> **Data provided**:
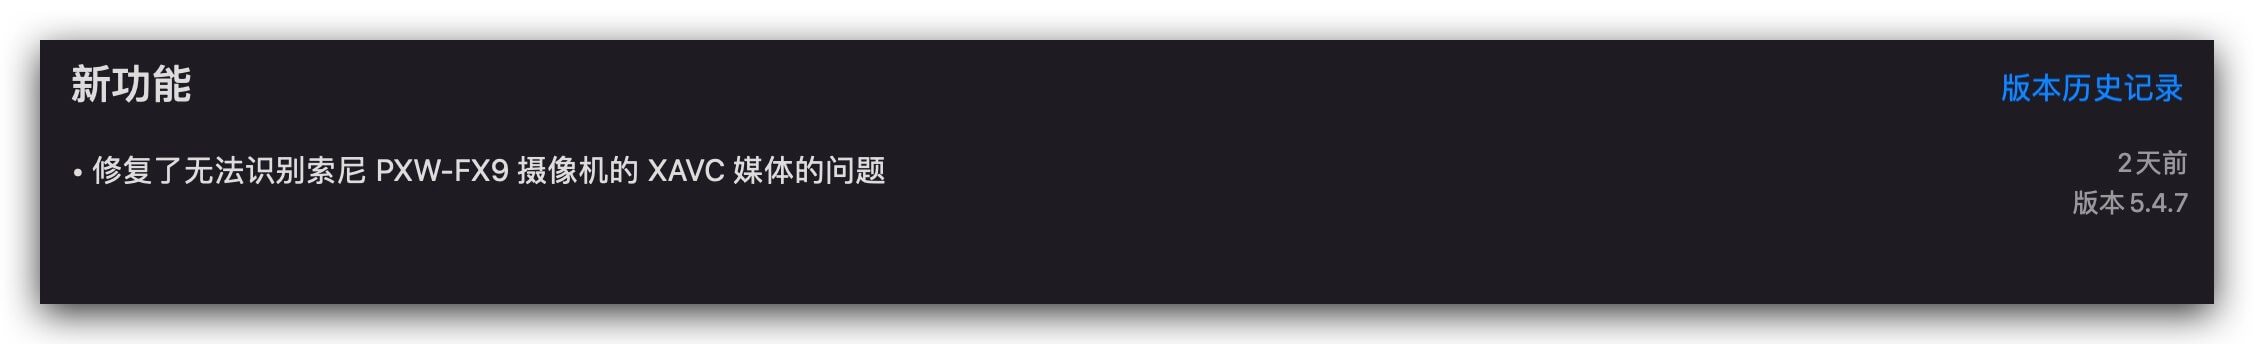 Apple Motion 5.4.7 破解版免费下载 中英文版 苹果视频剪辑软件
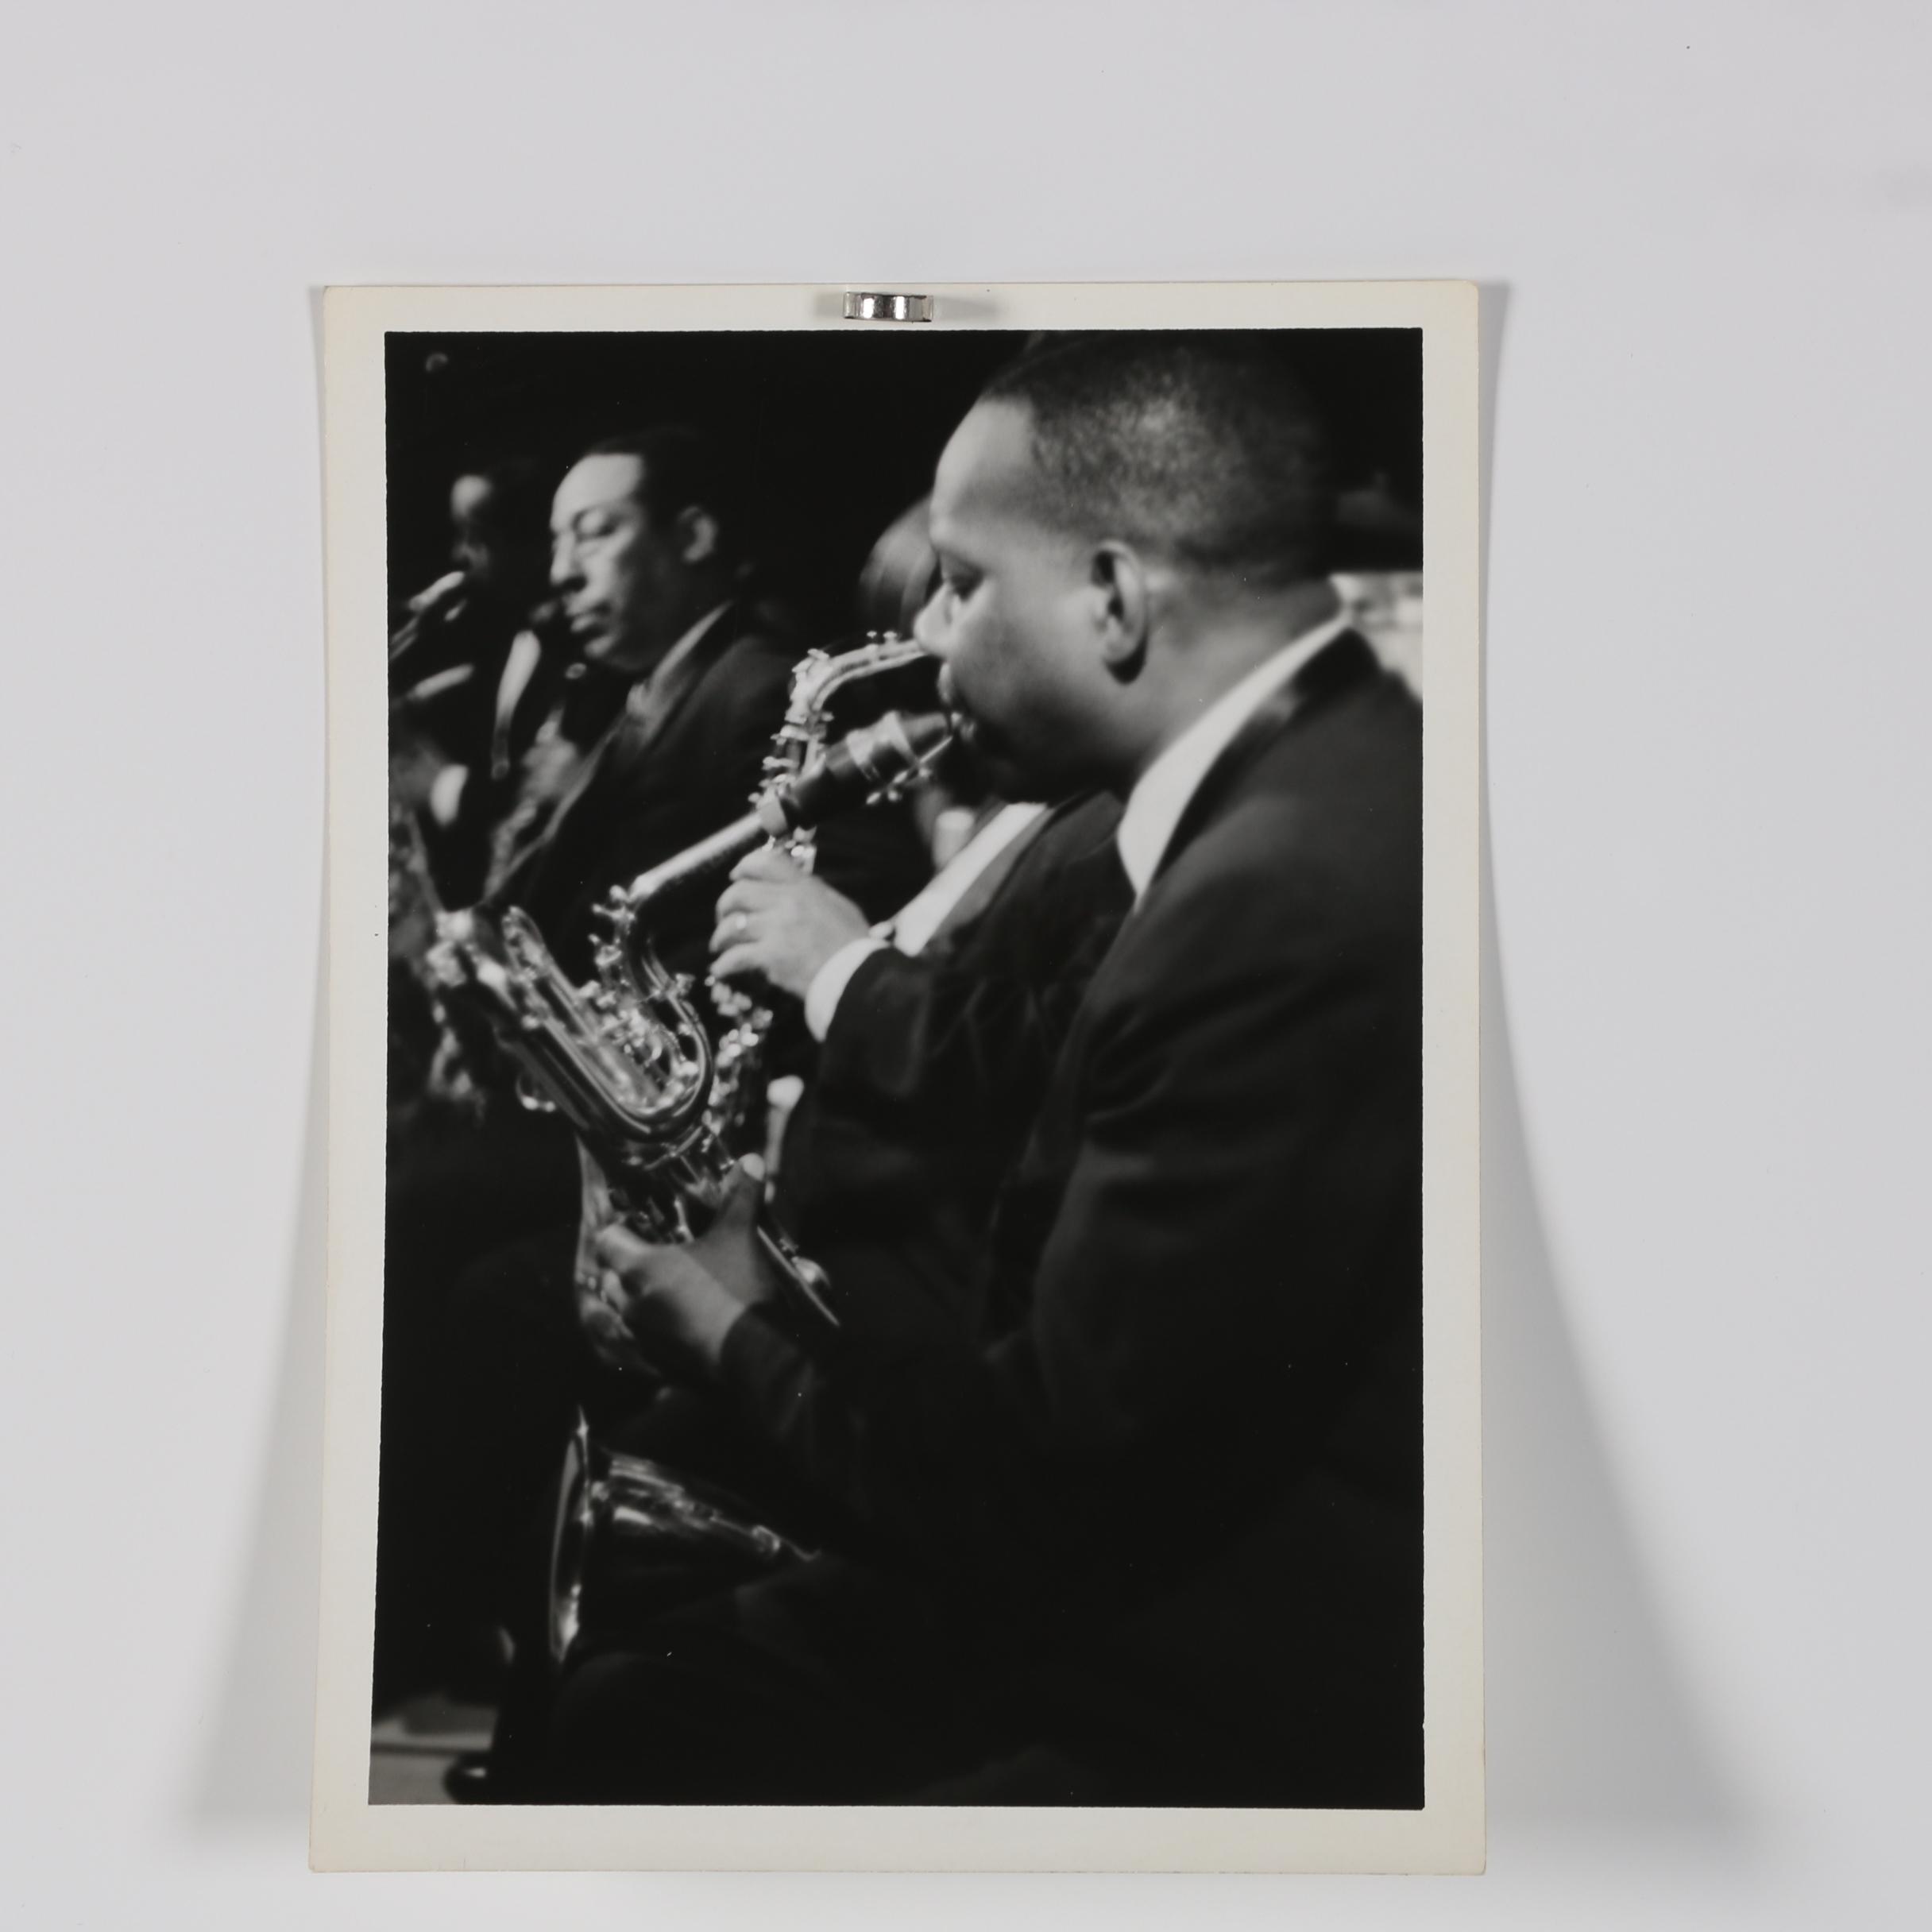 Jack Bradley Photograph of the Duke Ellington Band with Johnny Hodges
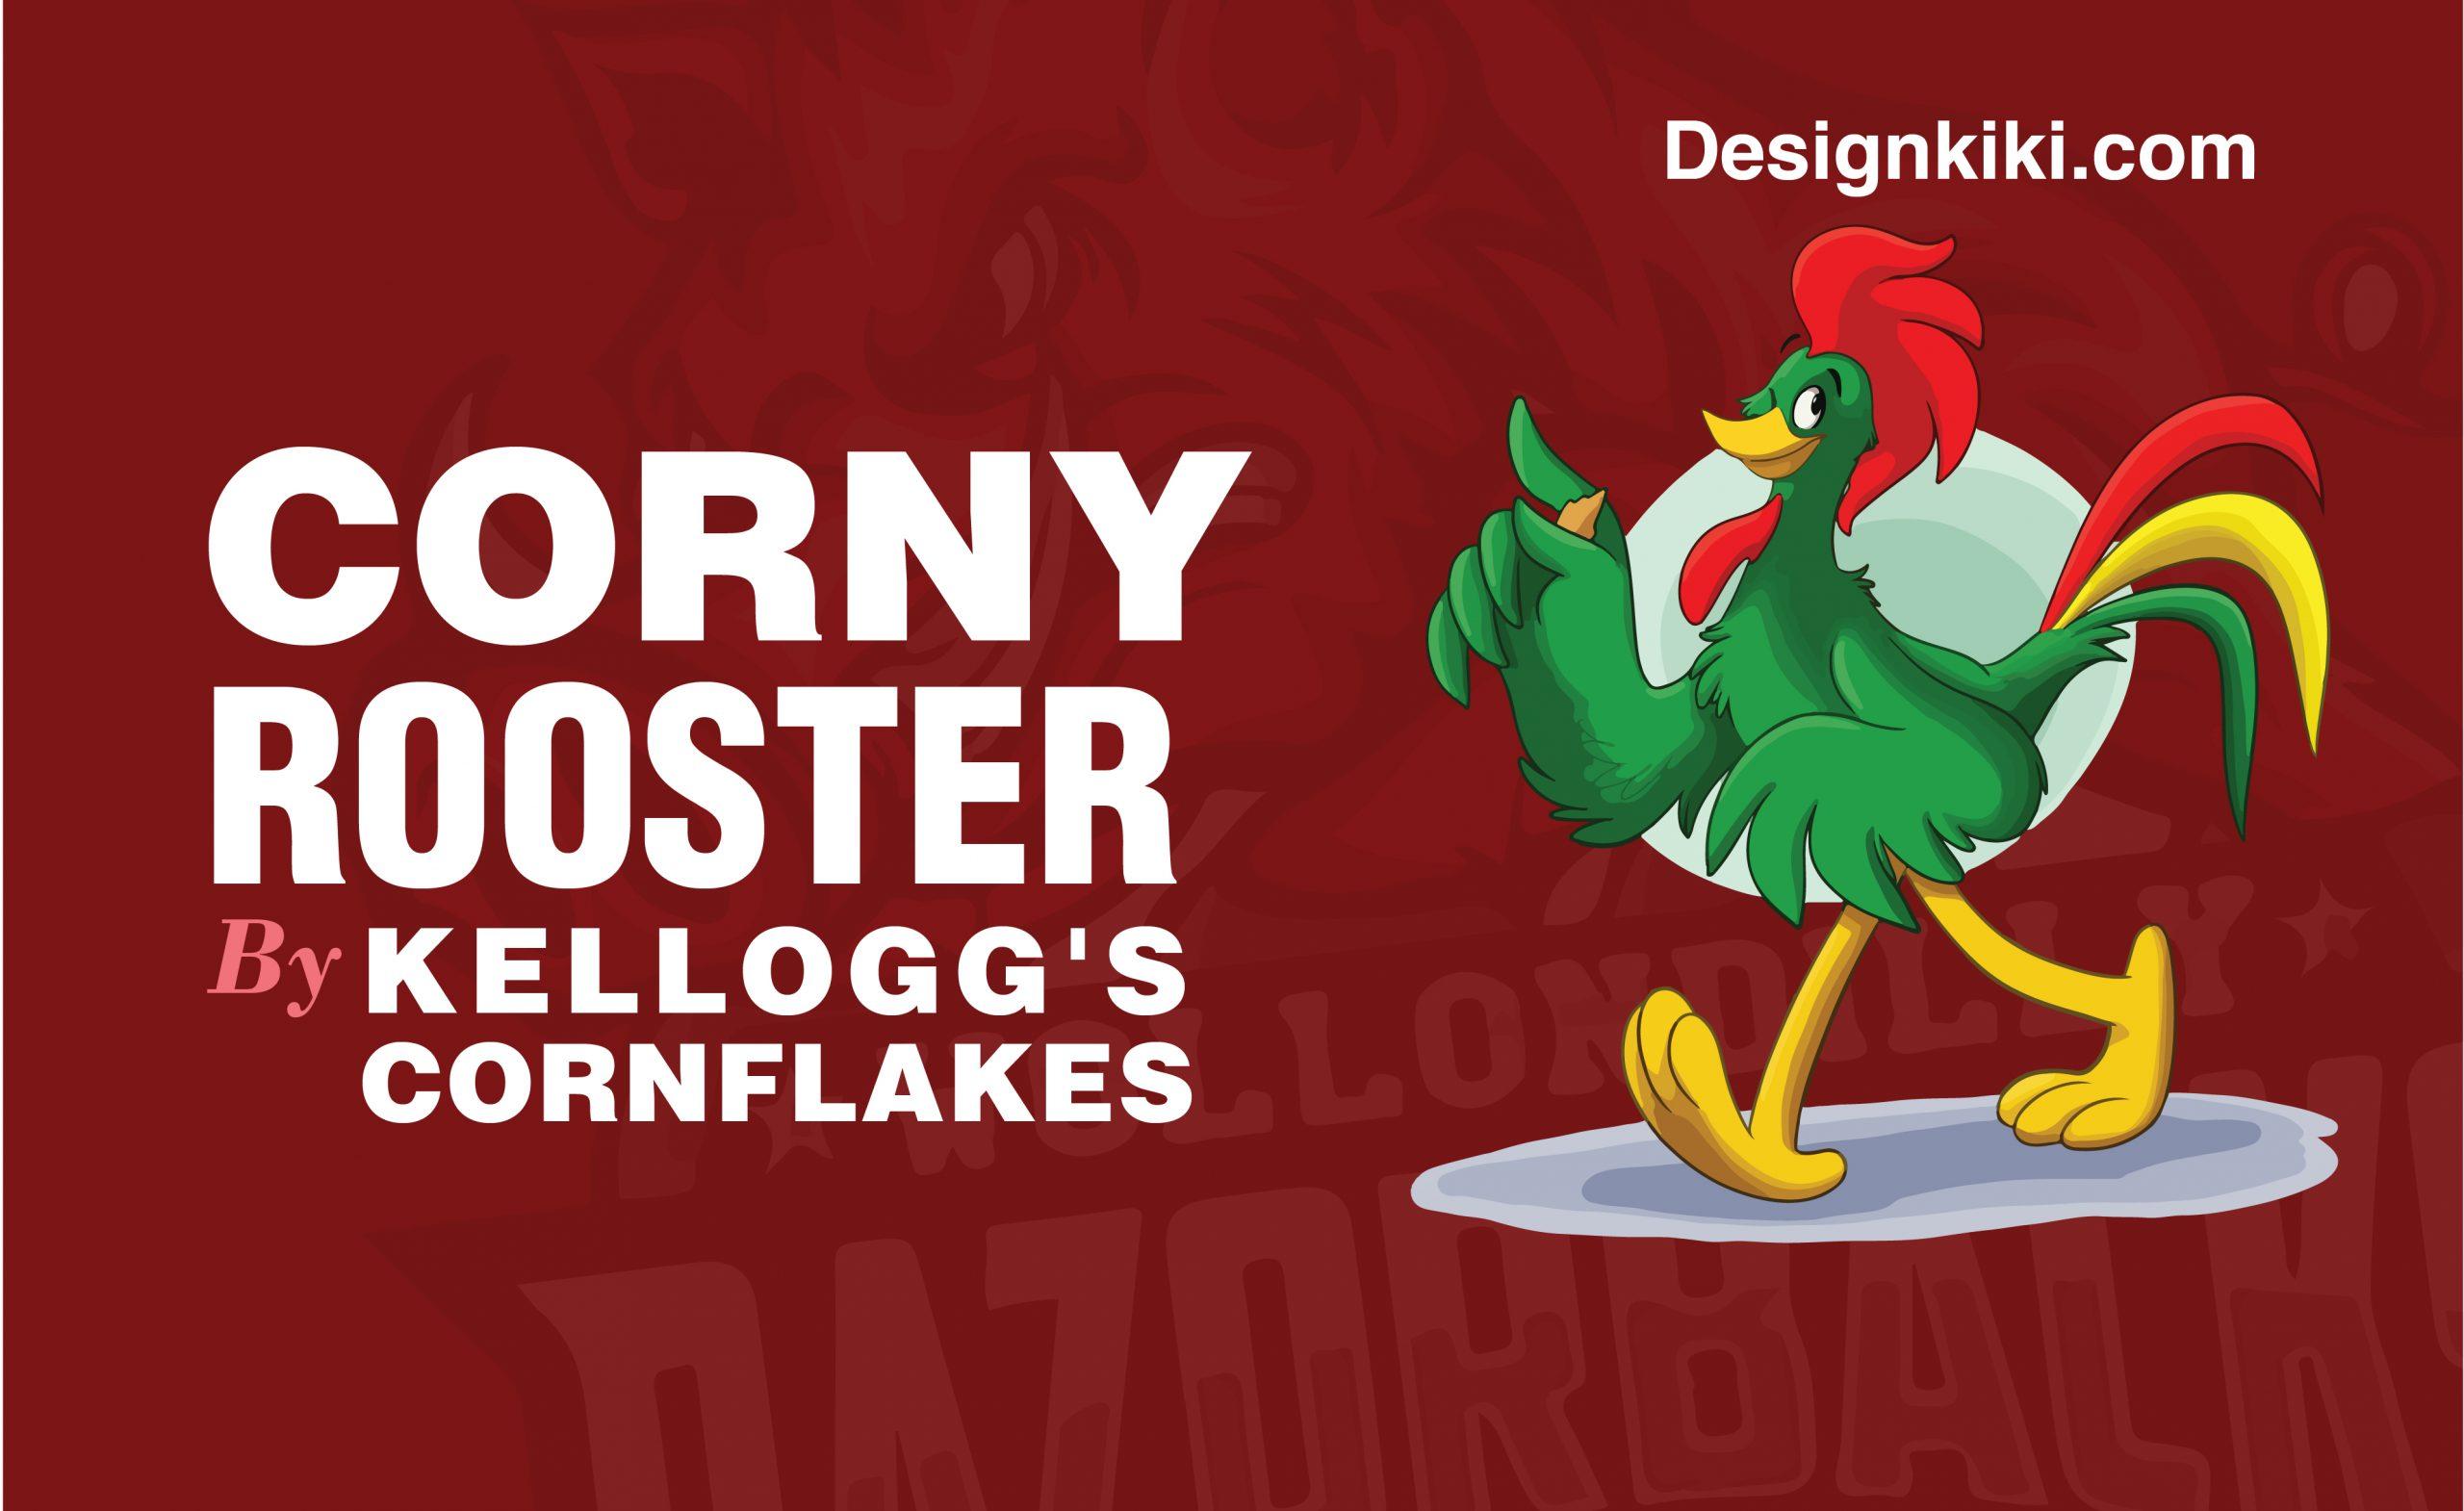 Kellogg's mascot logos

> **Instructions to follow**:
Leaving out only the pictures, reproduce the listing exactly.

> **Written reply**:
 Apple Motion 5.4.7 破解版免费下载 中英文版 苹果视频剪辑软件
 Jack Bradley Photograph of the Duke Ellington Band with Johnny Hodges
 Kellogg's mascot logos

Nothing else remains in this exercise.